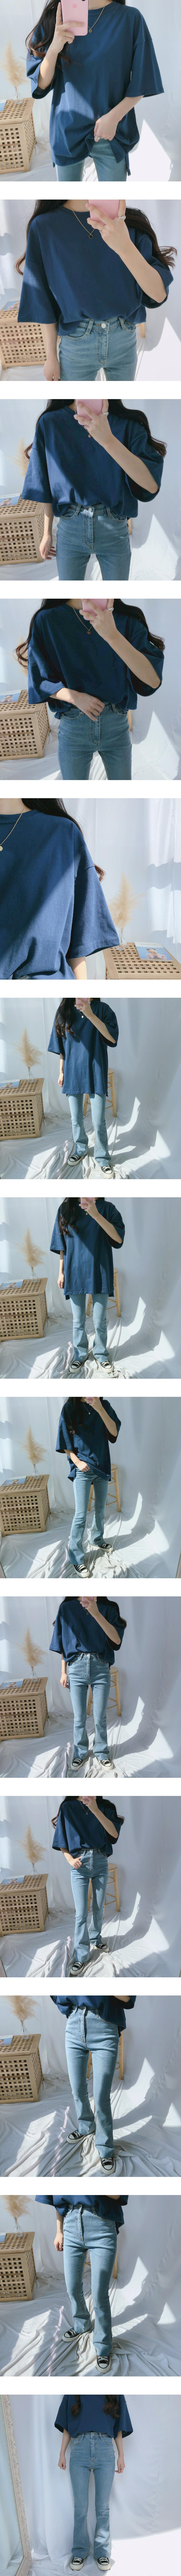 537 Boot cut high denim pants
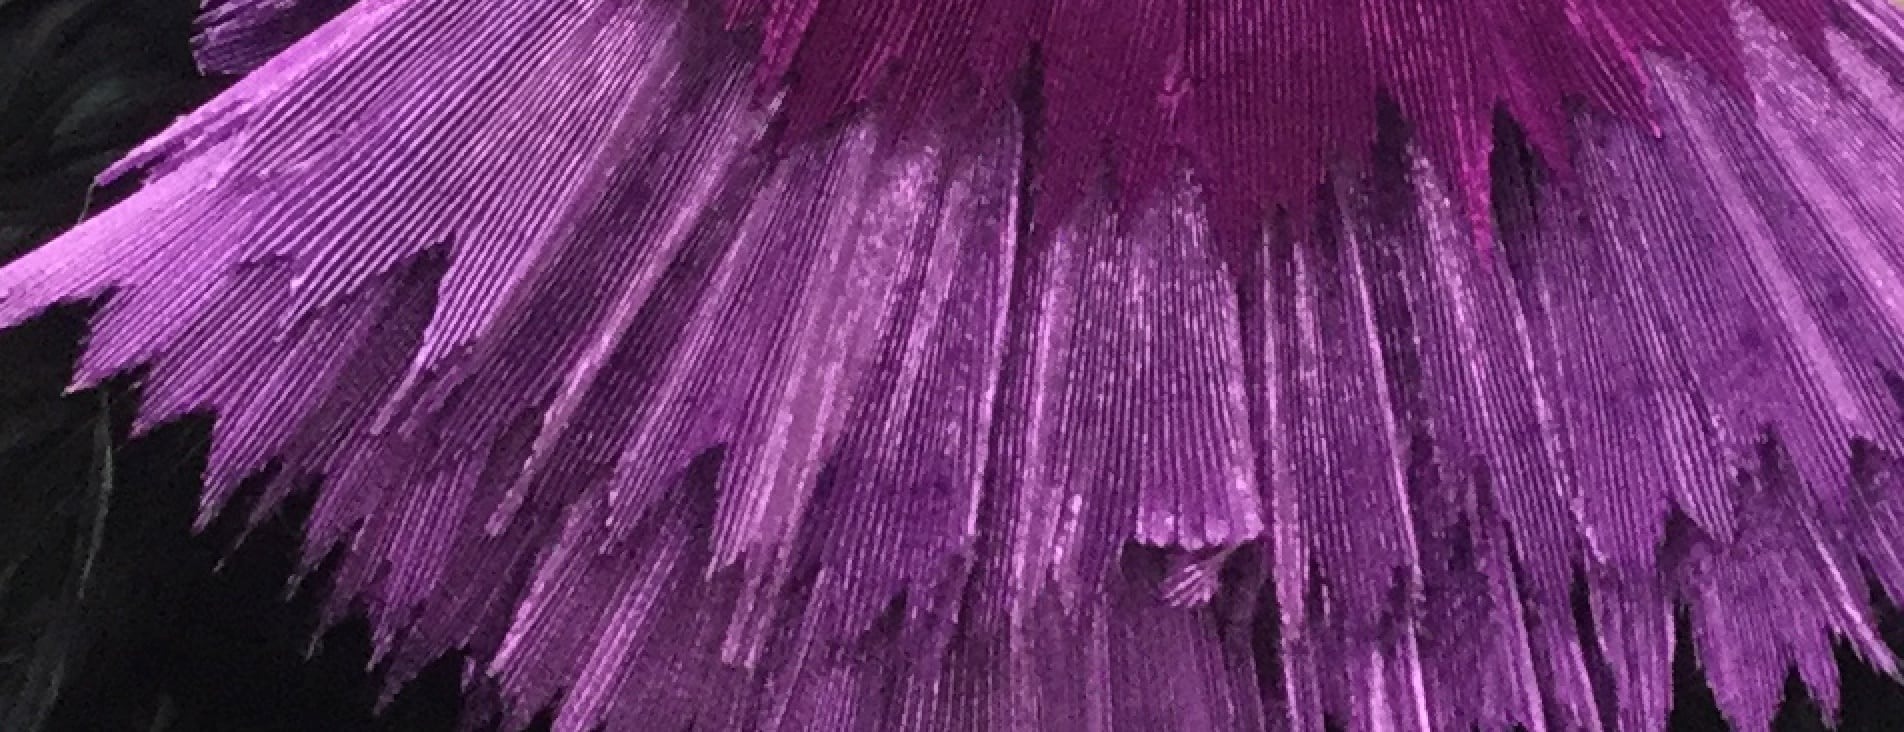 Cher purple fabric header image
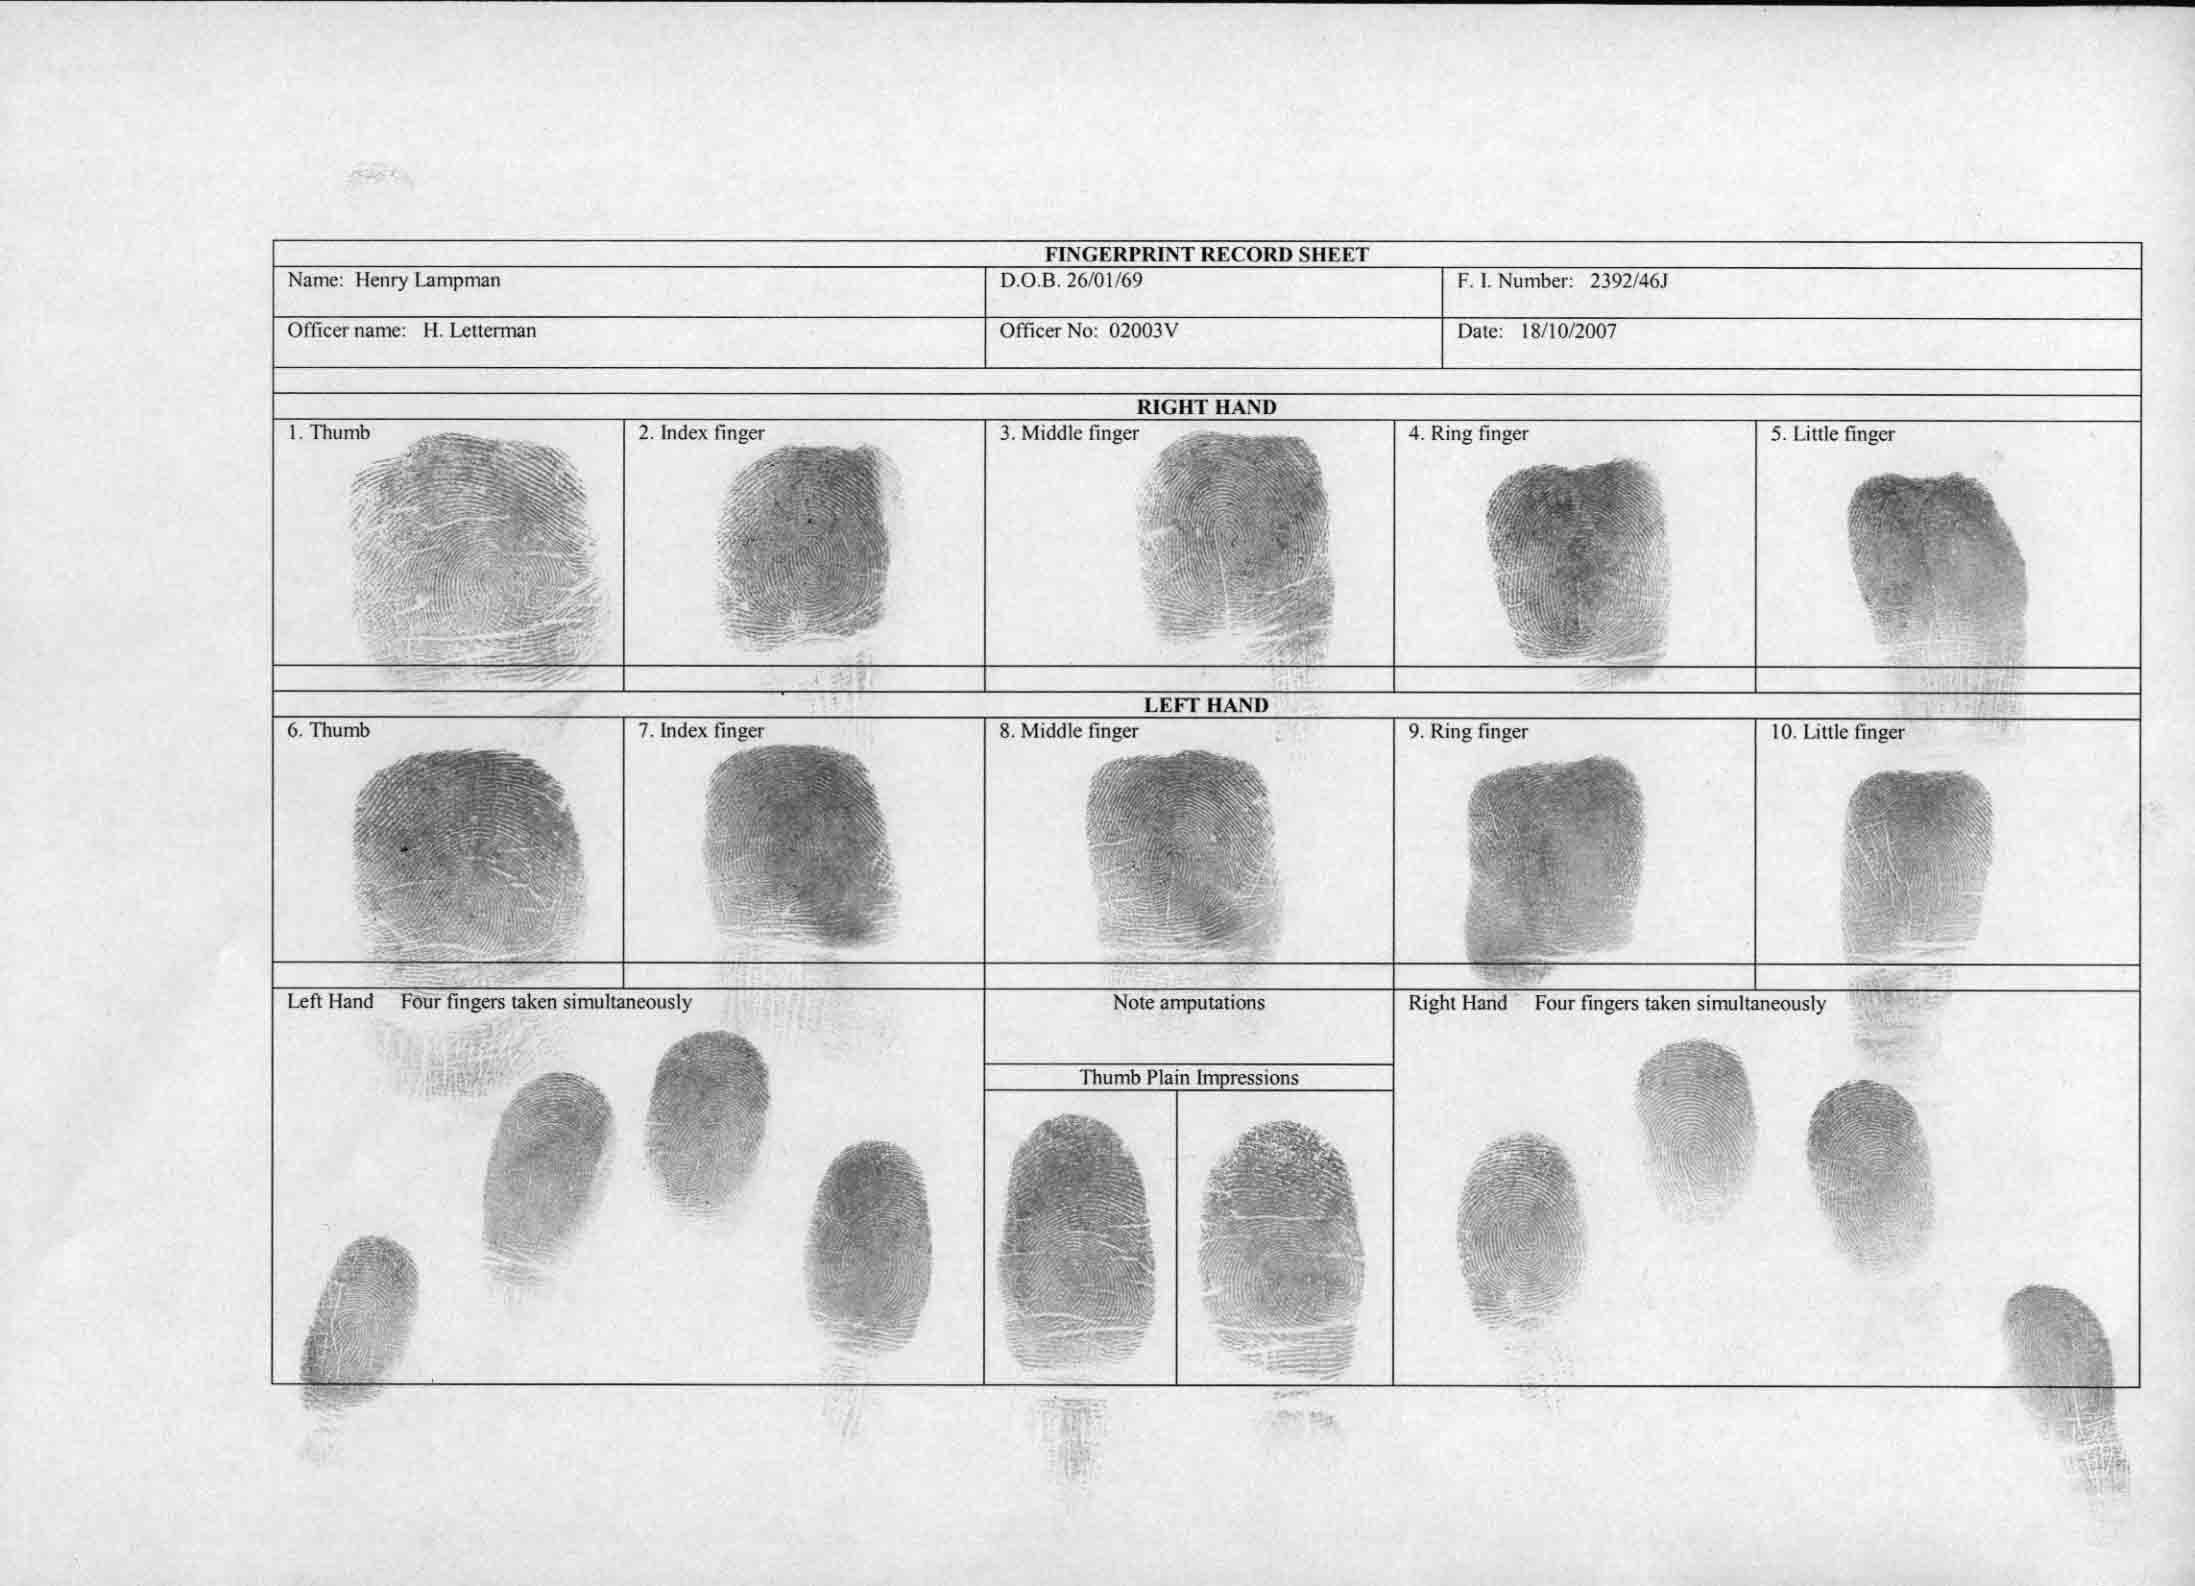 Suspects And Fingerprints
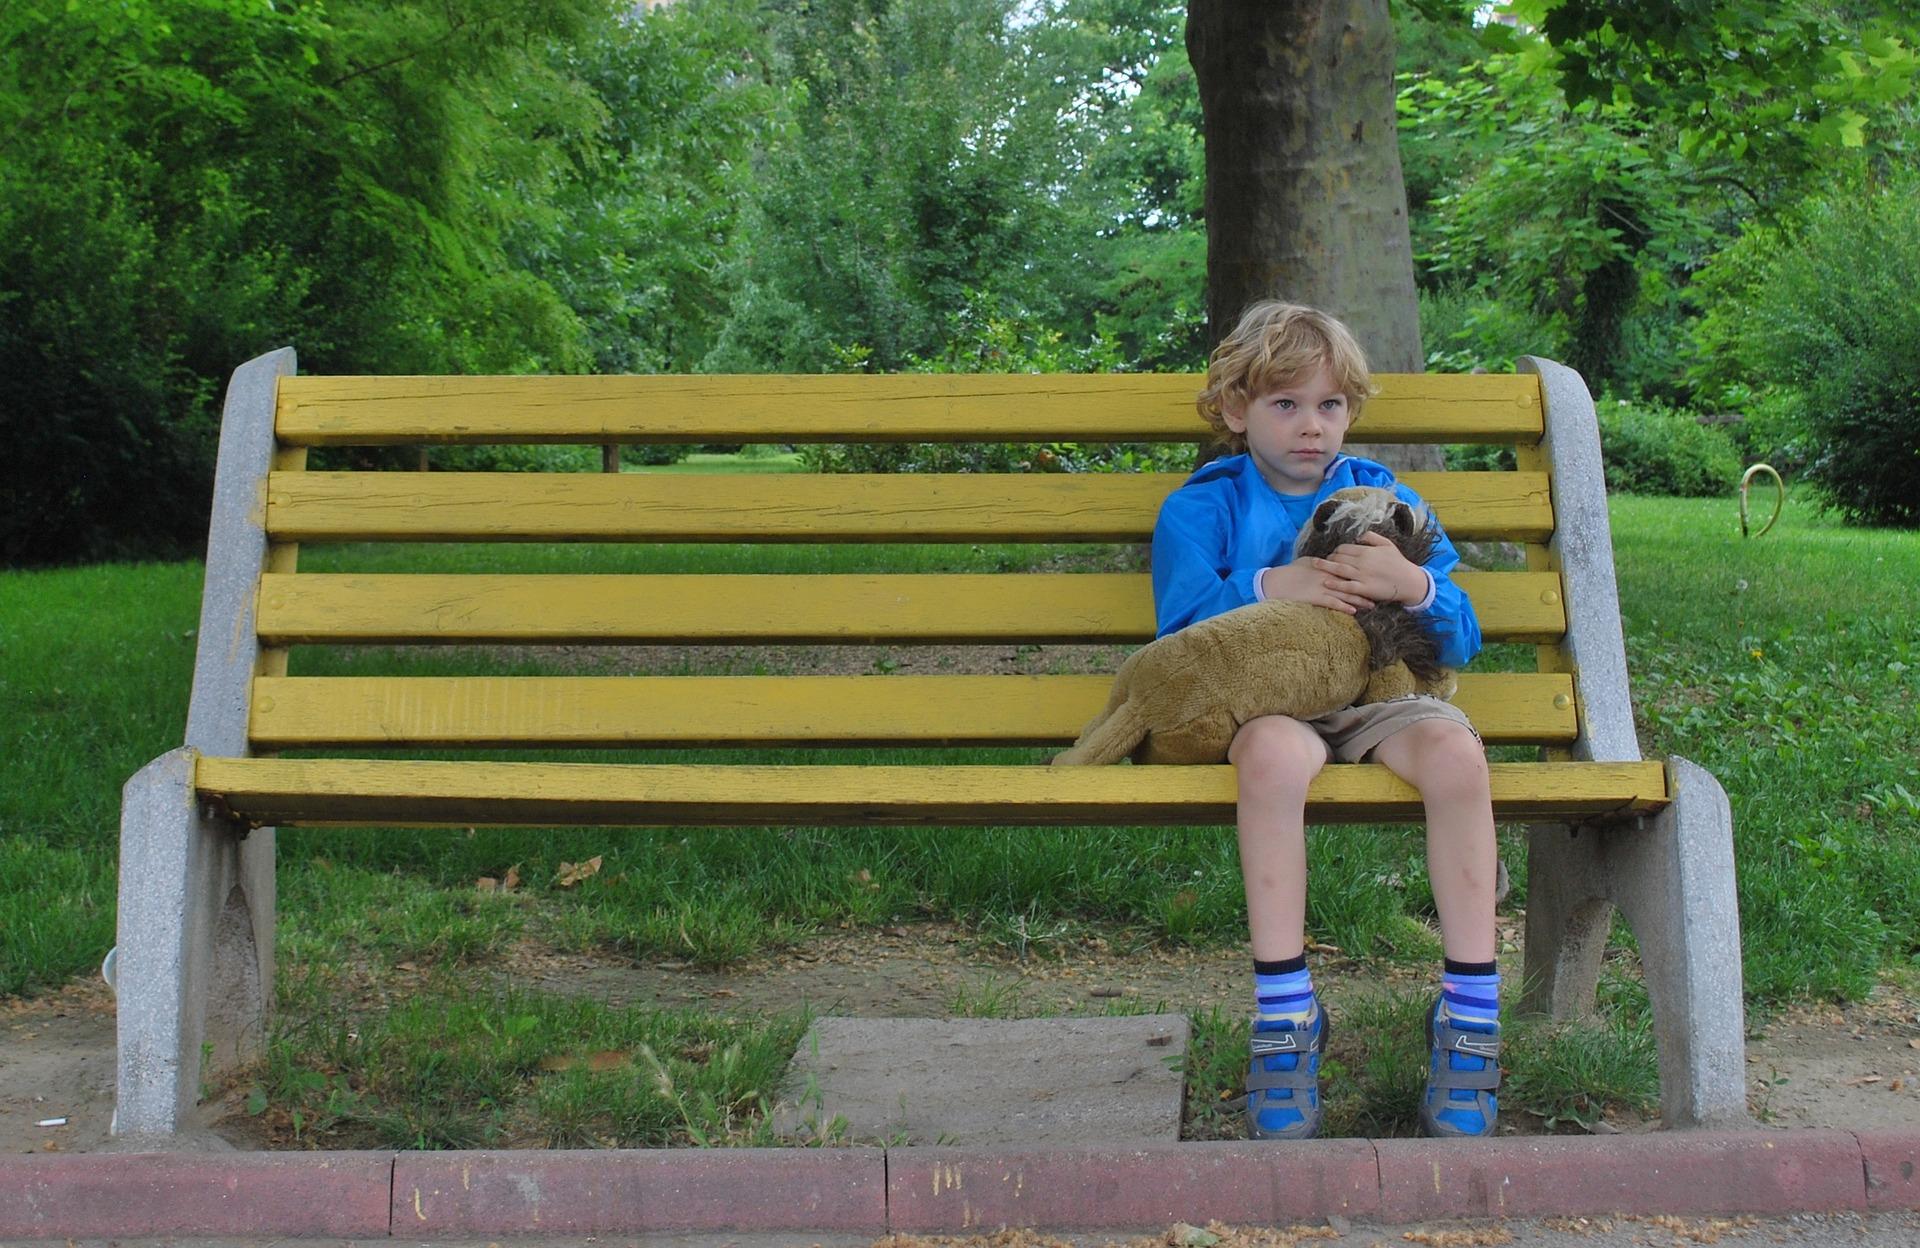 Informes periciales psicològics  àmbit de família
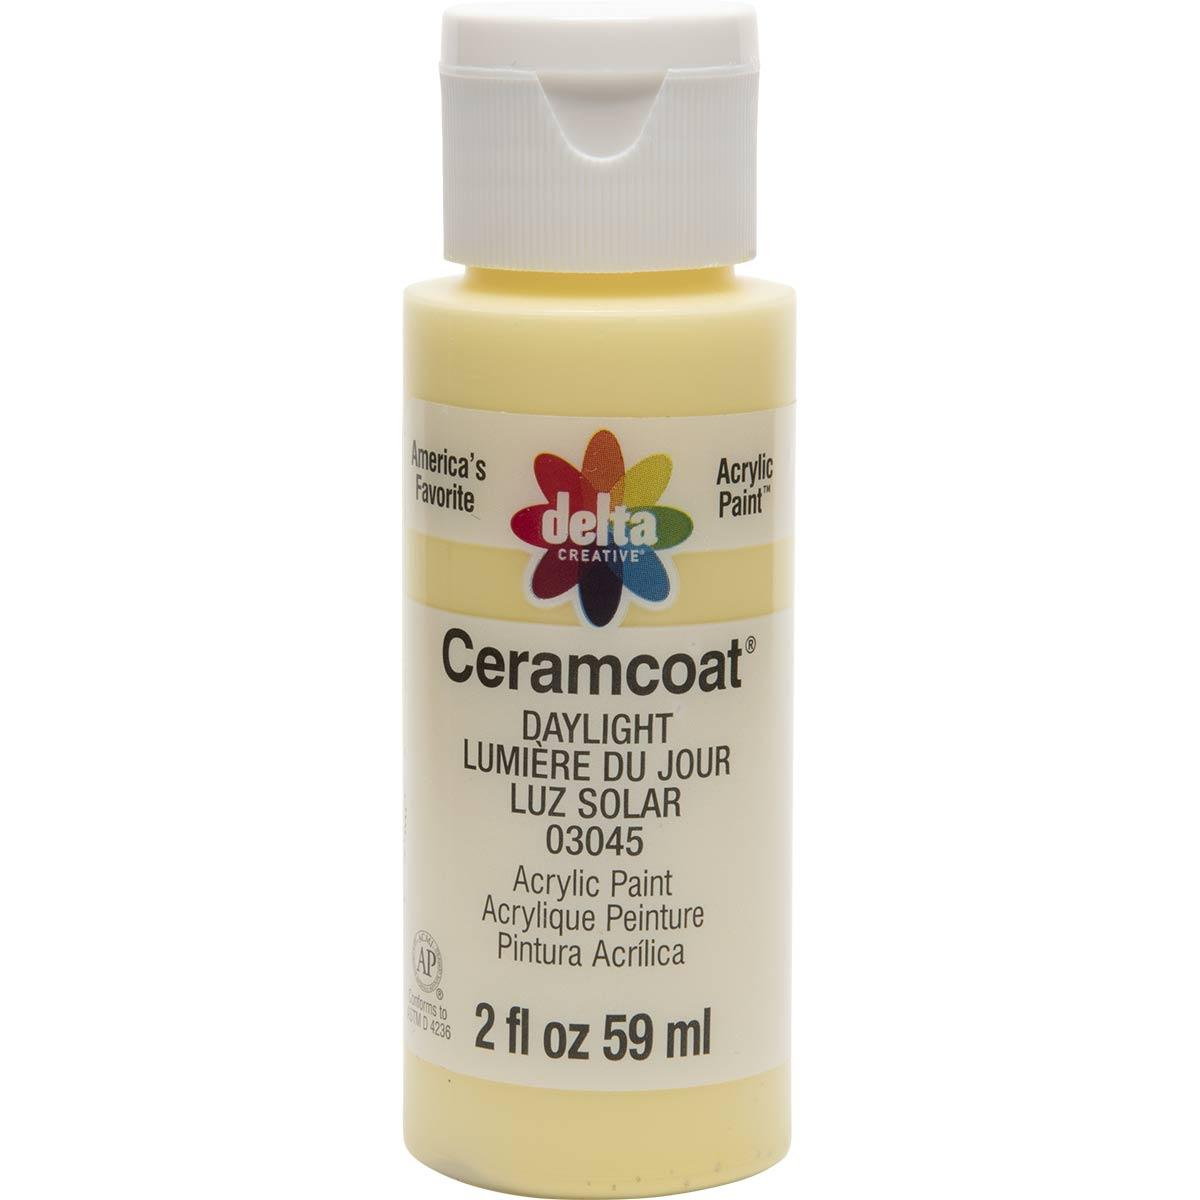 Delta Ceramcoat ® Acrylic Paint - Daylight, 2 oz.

PROMPT ->
Set down exactly, and only, the lines from the one holding "Suspects And Fingerprints" to the end of the records above, leaving every picture out.

EXERCISE SOLUTION ->
 Suspects And Fingerprints
 Informes periciales psicològics  àmbit de família
 Delta Ceramcoat ® Acrylic Paint - Daylight, 2 oz.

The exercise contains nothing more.